How Not to Assess the Situation

Grading and testing have gone astray, but eliminating student performance measures is the wrong prescription
Cover of "Off the Mark" by Jack Schneider and Ethan L. Hutt

Off the Mark: How Grades, Ratings, and Rankings Undermine Learning (but Don’t Have To)
by Jack Schneider and Ethan L. Hutt
Harvard University Press, 2023, $29.95; 296 pages

As reviewed by Adam Tyner

In the years since the Covid-19 outbreak, the grades and test scores that anchor our education system have been relentlessly disrupted. As the pandemic swept the globe, American schools canceled annual standardized testing, college admissions went “test-optional,” and students were offered “hold harmless” policies that prevented their grades from dropping, regardless of whether they completed assignments or even attended virtual classes. Most end-of-year testing returned to K–12 schools in 2021, but much of the “assessment holiday” has endured. Most colleges continue not to require SAT or ACT scores, states are eliminating high school graduation tests, and grading standards have slipped to their lowest levels on record. States and districts are fueling grade inflation through policies that, in the name of equity, prohibit penalties for late work, recalibrate grading scales in ways that make passing easier, require teachers to assign credit for assignments that aren’t turned in, and even eliminate grading penalties for cheating.

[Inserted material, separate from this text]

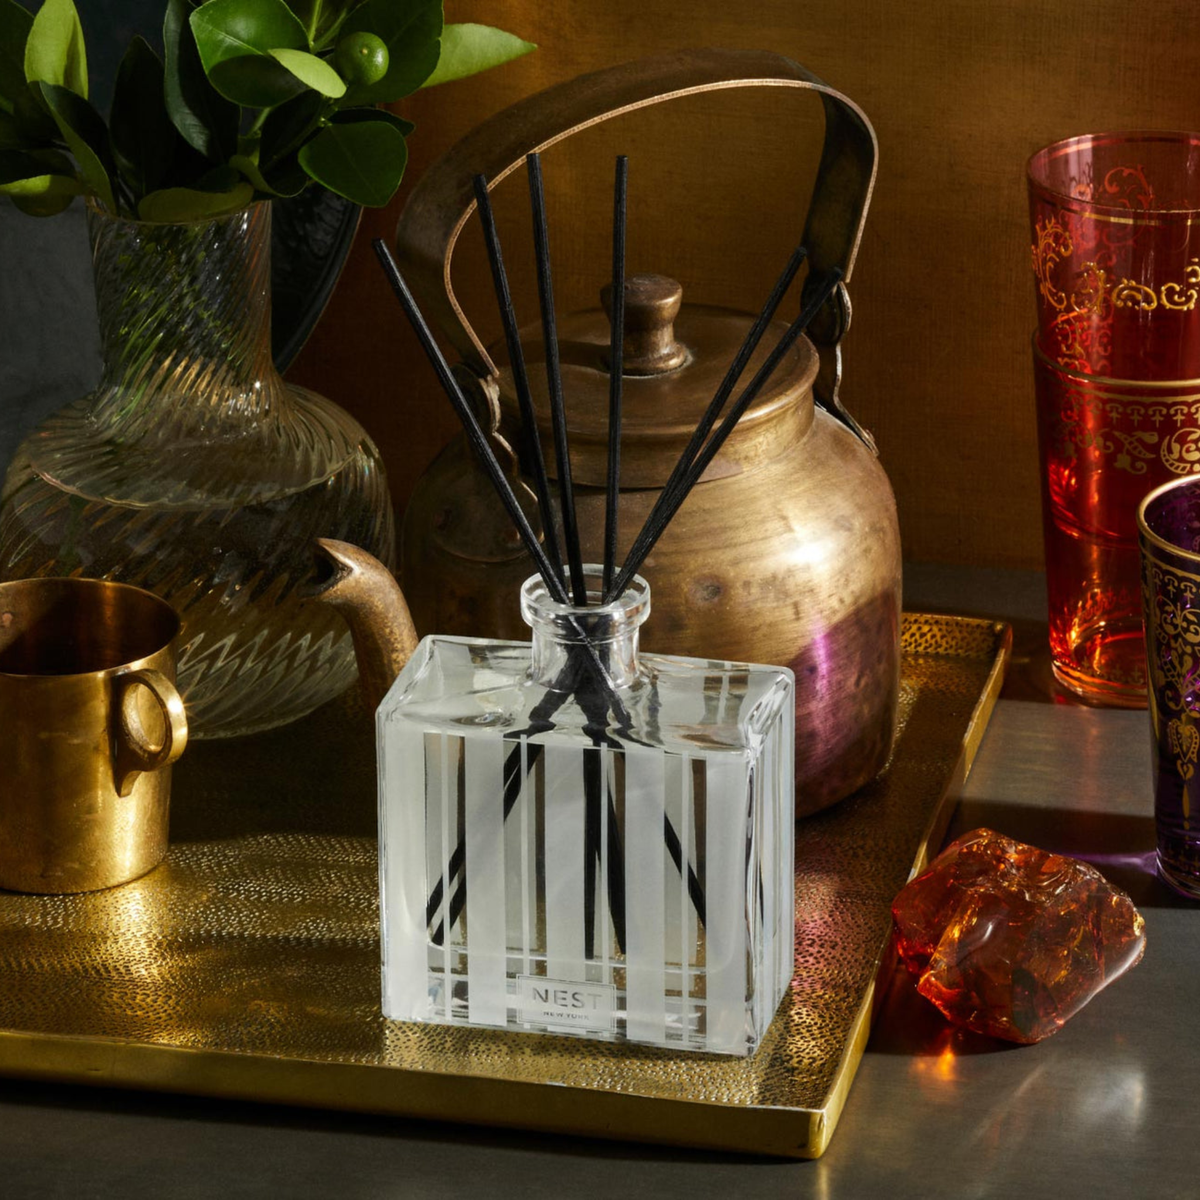 Nest New York’s Moroccan Amber Diffuser Lifestyle in Tray on Counter

Into this accountability recession arrives a new book arguing that the idea of holding students accountable through measures such as grades and test scores is inherently misguided. Penned by Jack Schneider and Ethan Hutt, two education-school-based researchers, Off the Mark is an ambitious volume combining history, policy analysis, and prescriptive recommendations. The authors evaluate the key “assessment technologies” of modern education systems—course grades and external tests—arguing that their presence undermines the aims of education. Although many of the book’s recommendations are sensible, its grandest claims are unsupported by research or contradicted by it.

The role of grades and tests in our education system does need better grounding in theory. Many education writers and researchers assume that these measures serve a single purpose, such as predicting postsecondary success, or that they matter only to one set of stakeholders, such as parents. Schneider and Hutt explain that many measures emerged to serve one role but now have multiple functions and stakeholders. The authors offer a helpful mnemonic for sorting out the stakeholders, explaining that the assessment strategies convey both “short-haul” messages to parents and students and “long-haul” messages to institutions such as colleges.

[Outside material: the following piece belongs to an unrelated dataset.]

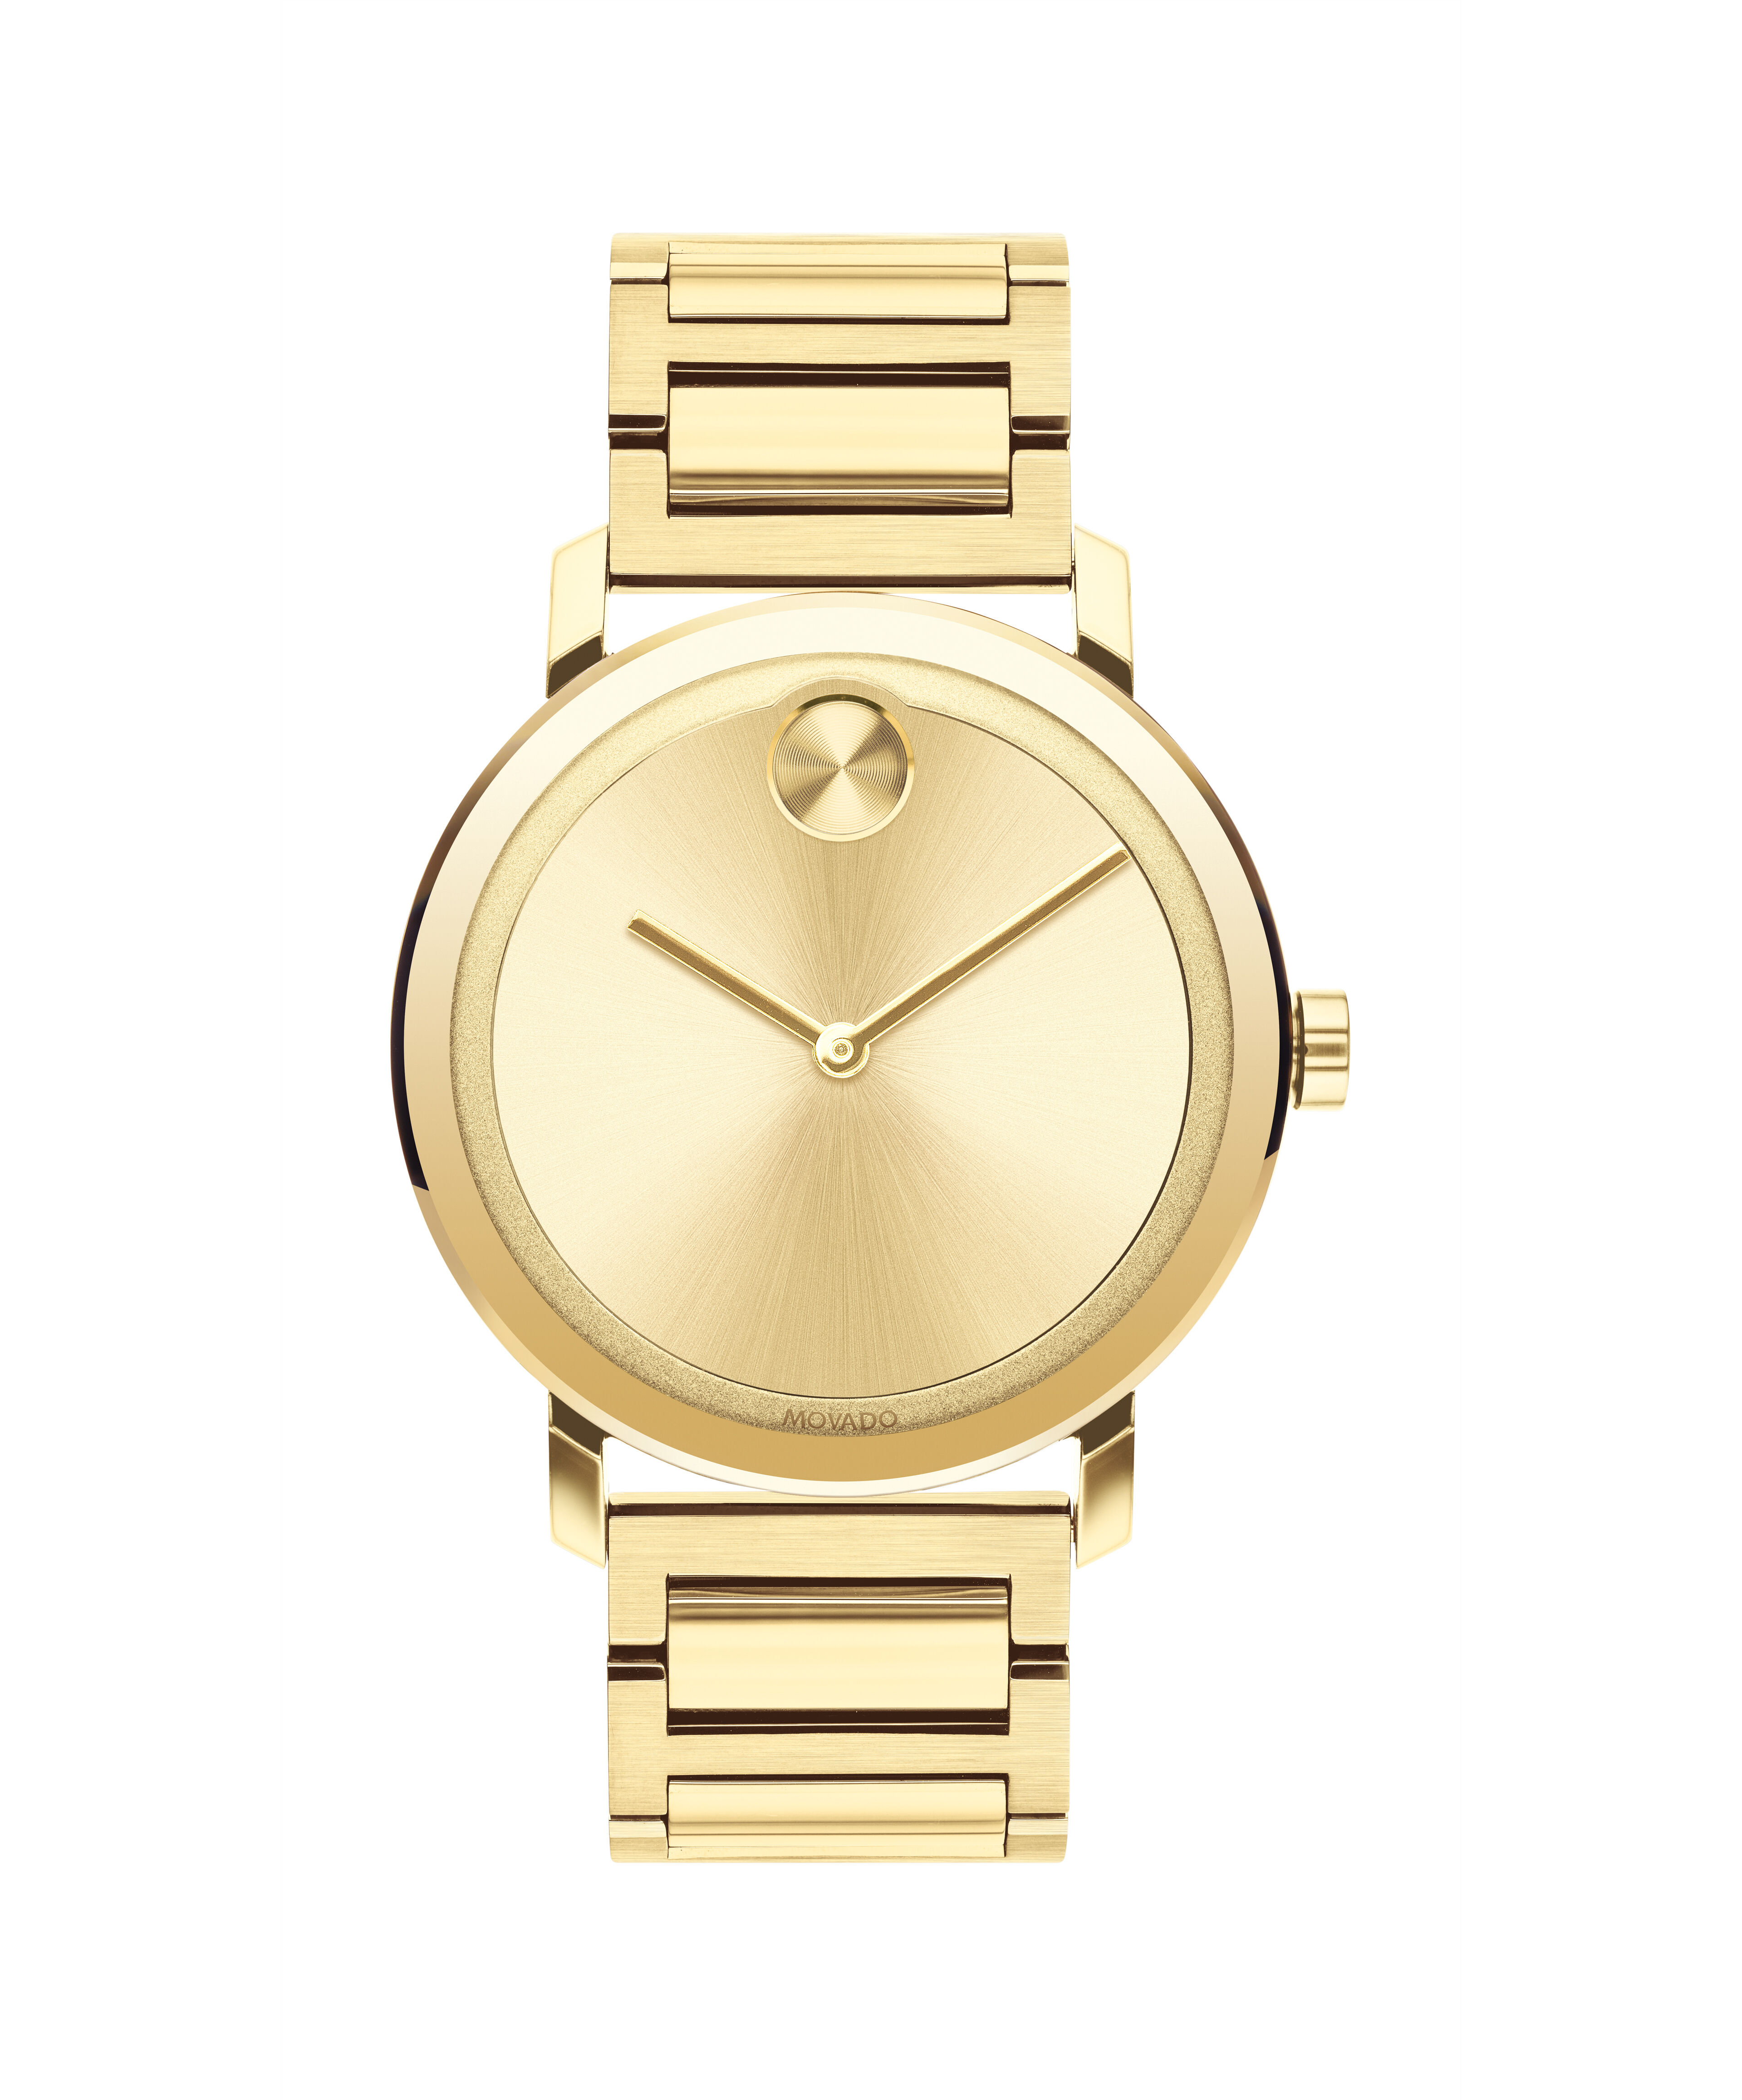 Movado Museum Classic Steel/Gold 35 mm. Ref. 8I A2 890.I

Unfortunately, short-haul messages are often garbled by the time they reach parents. Learning Heroes, a nonprofit organization that works to equip parents to support student success, has found via surveys that the “good” grades most students receive have about nine of ten parents convinced their kids are performing at grade level, despite only about one in four of them actually doing so. The organization’s most recent report shows that, even in our era of devastating learning loss, about four in five parents say their child is taking home mostly As and Bs. This disconnect is dangerous, because, as Schneider and Hutt note, “Families want to know how their children are doing, so that they can encourage, coax, and intervene as necessary.”

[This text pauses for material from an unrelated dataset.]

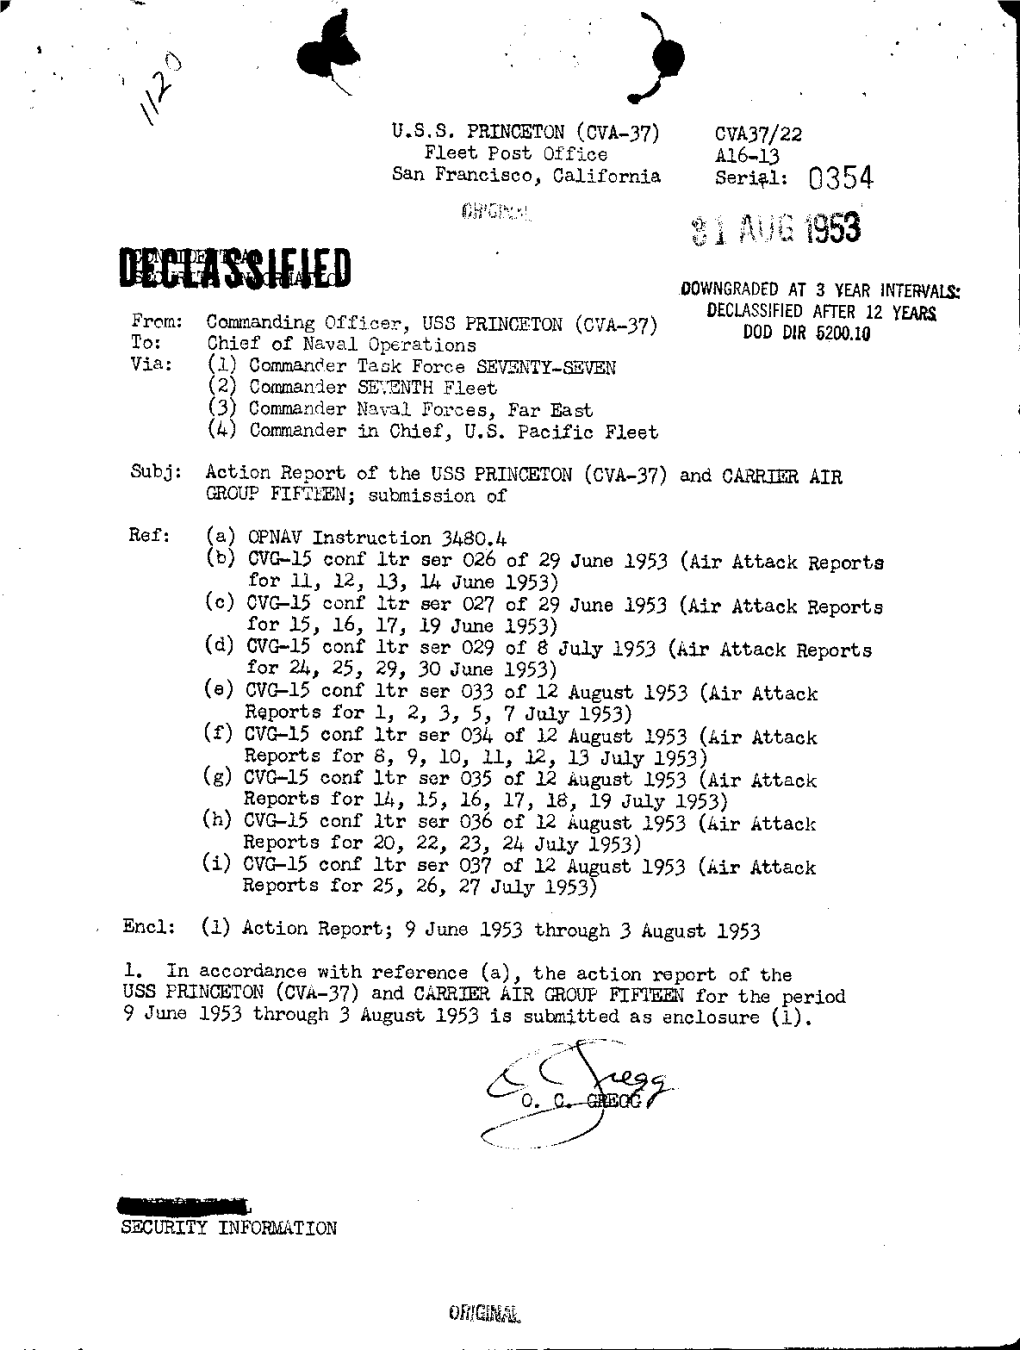 Action Report for 9 Jun-3 Aug 1953

The book frames the multiple uses of grades and test scores as a dilemma, noting that the measures were not designed to support some of their current uses. The authors’ concern about the long-haul messages is not that they fail to communicate useful information, however. Grade point average and test scores are some of the best predictors of college performance and labor-market success, and the authors acknowledge that the utility of basing college admissions decisions on grades is one of their upsides. Their critique is that any long-haul message raises the stakes for student performance, as the rating will follow the student far into the future. The authors join prior critics of teacher-assigned grading, including James Coleman and John H. Bishop, in noting how the classroom dynamics around grading help explain grade-grubbing, “nerd harassment,” and other toxic dynamics between students and teachers and between students and their peers.

Yet the authors’ assumption that students’ having greater stakes in their academic performance undermines their learning is at odds with the work of those earlier critics. Indeed, the authors make assertions about grades and test scores harming student motivation that are either unsubstantiated, mostly contradicted by research, or missing analysis of the social dynamics around grades and test scores that researchers have identified.

Photo of Jack Schneider and Ethan L. Hutt
Jack Schneider (left) and Ethan L. Hutt

The authors’ antipathy toward the use of grades and test scores as motivators stems from their unarticulated theory of learning—a version of the pop romanticism that is often attributed to philosopher Jean-Jacque Rousseau but is better represented by self-help and education writing of the last few decades, such as Daniel Pink’s Drive and Alfie Kohn’s Punished by Rewards. The pop romantics contend that the use of incentives in education undermines students’ intrinsic desire to learn. In the 1970s, psychologists, including Richard Ryan and Edward Deci, whom Schneider and Hutt cite, found that, under certain conditions, incentives can backfire. The pop romanticists, though, have reduced these findings to a simplistic dichotomy: intrinsic motivation is good, and extrinsic motivation is bad. In fact, psychologists have demonstrated that educators can leverage both kinds of motivation. Many studies show benefits to students when they are held accountable for their academic performance, whether from strict-grading teachers, large cash incentives for academic success, or classroom reward systems. Off the Mark fails even to mention this body of research, let alone engage with it to synthesize a new approach to assessment.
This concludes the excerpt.